Cannes 2023: The Idol series with stars Lily-Rose Depp and The Weeknd arrives at the festival
The body as a scenic function
Of course, so far ours is a discussion that could be marginal, being able to write the review only of the first two episodes. Nonetheless, the incipit is more cerebral than sensual (least of all pornographic, as some have mistakenly predicted), more dry than baroque. Consequently, in The Idol, at the behest of his narration, flesh and desire, irregularity and sweetness are confronted. A subdued, desperate sweetness. Because Jocelyn is desperate. Desperate enough to give in, letting Tedros embrace her (Abel “The Weeknd” Tesfayeinteresting debut as an actor), a sort of self-help guru. A contemporary guru, with ambiguous, horrific ways. Coincidentally not far from the reverberations that hovered over Manson’s figure. Tedros, elegant and affable, perfumed and eclectic, brilliant and erotic. Yes, we said it: history is cyclical, and everything remains sedimented, dormant. As if he was waiting for the right moment to come back to resurrect from the darkness.

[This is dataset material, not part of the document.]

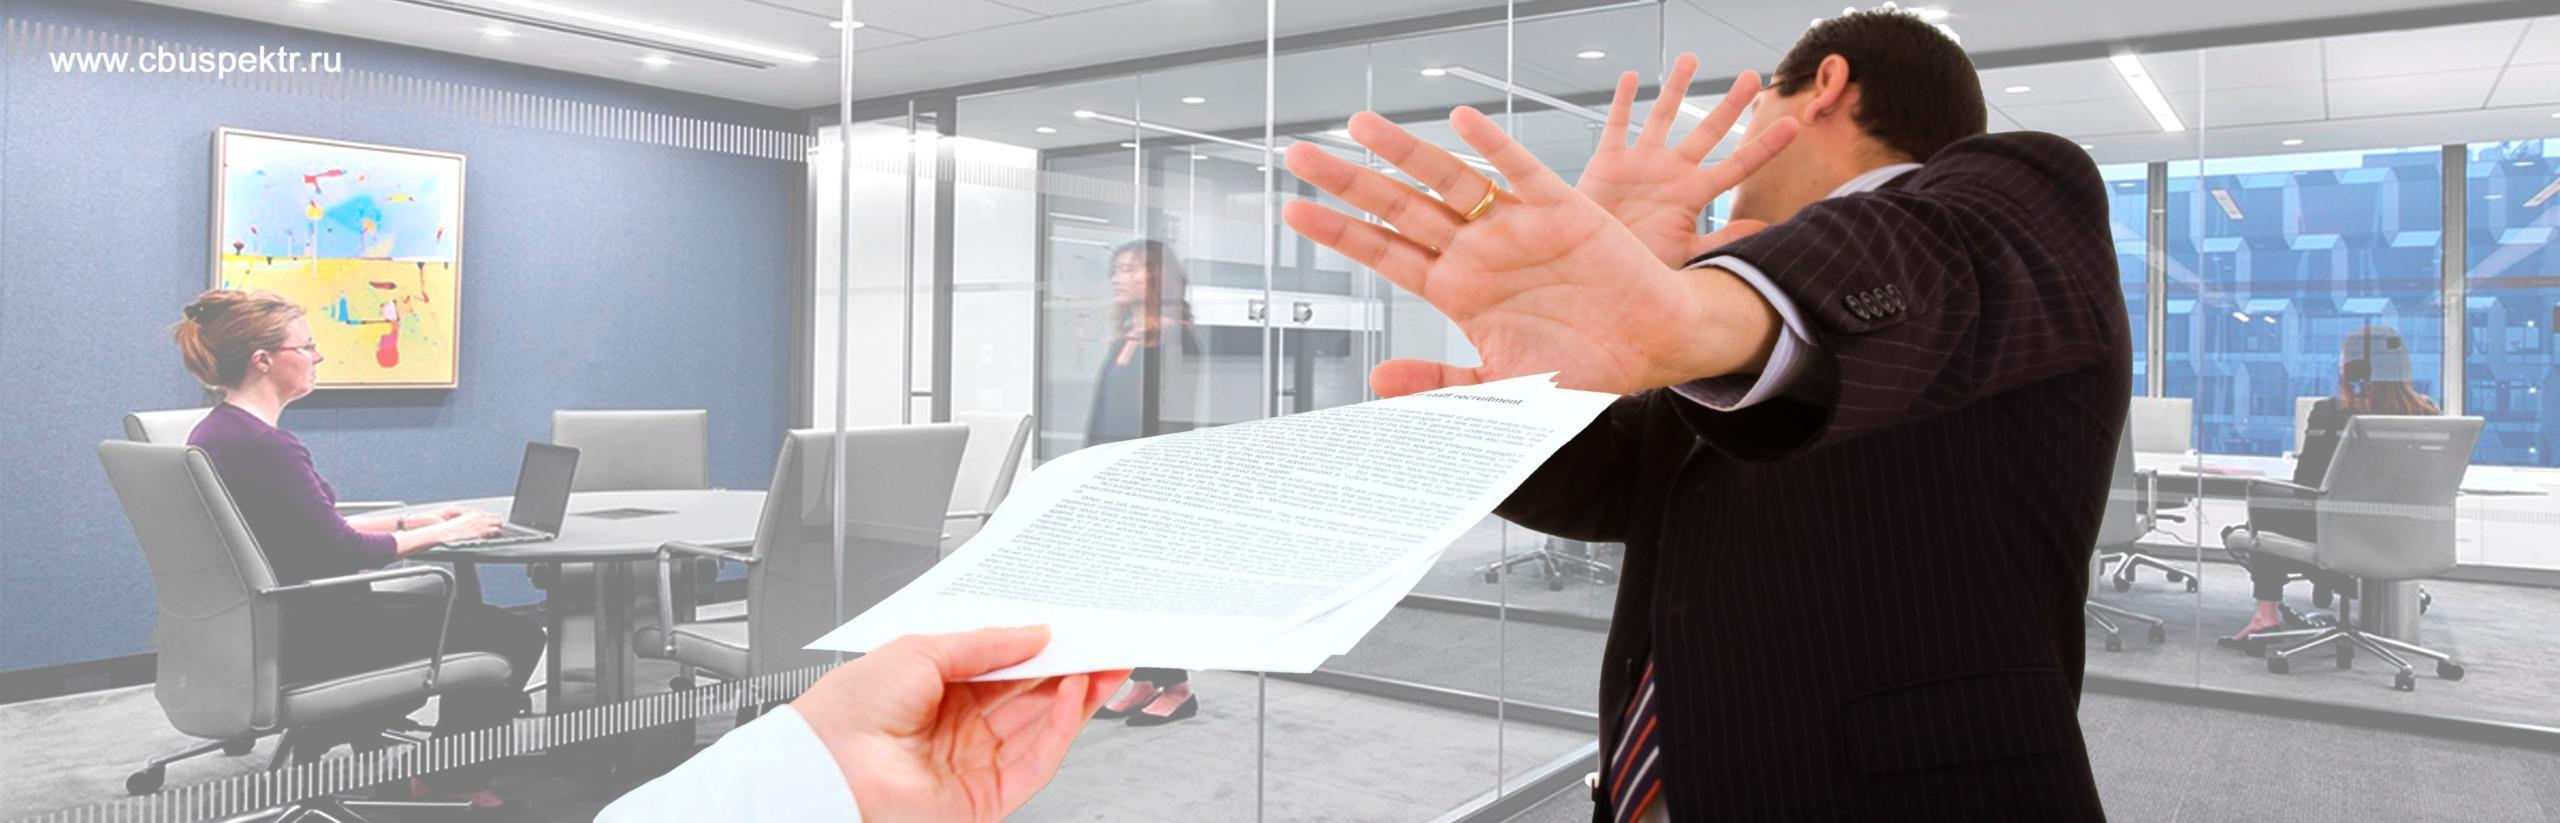 Должник отмахивается от предъявленного договора

That darkness that the director exploits and amplifies, as if we were watching a seventies horror film, deconstructed. Shadows, reflections, noises. And the music, a real narrative track that quotes Prince, Madonna and David Bowie for inflections. And then the instrumental track, free and harmonious, almost restorative towards Jocelyn’s instability, which forces the pleasure and strains her talent. Essentially, The Idol stages this: the dawn of a complete destruction of global identity written by the (fake) liberal vision of the United States, which has placed and continues to place in the foreground the symbolic power of the body, and in particular of the female body . In this case, the body of a pop star who, as we can see, is the leitmotif of the series, right from the first shot: a close-up, and the expression that changes according to a convulsive photo shooting. First sexy, then detached, then enjoyable. For Levinson the body is matter to be moulded, pretext and context. Vision and scenic function. Aesthetics and ecstasy. Indeed, the brutal modernization of a dream that becomes a nightmare.
Conclusions
As written in our review, after watching the first two episodes of The Idol we can finally say it: the sexual and itchy pretext so far seems structured to be functional to Sam Levinson’s narrative idea. A pretext that focuses on the cultural deconstruction of the American dream, capable of generating and destroying its own idols.
Because we like it
- Lily Rose-Depp is brilliant.
- The direction, almost horror.
- The soundtrack.
- The context, and the narrative pretext.
What’s wrong
- The shock seems to be designed to get attention only.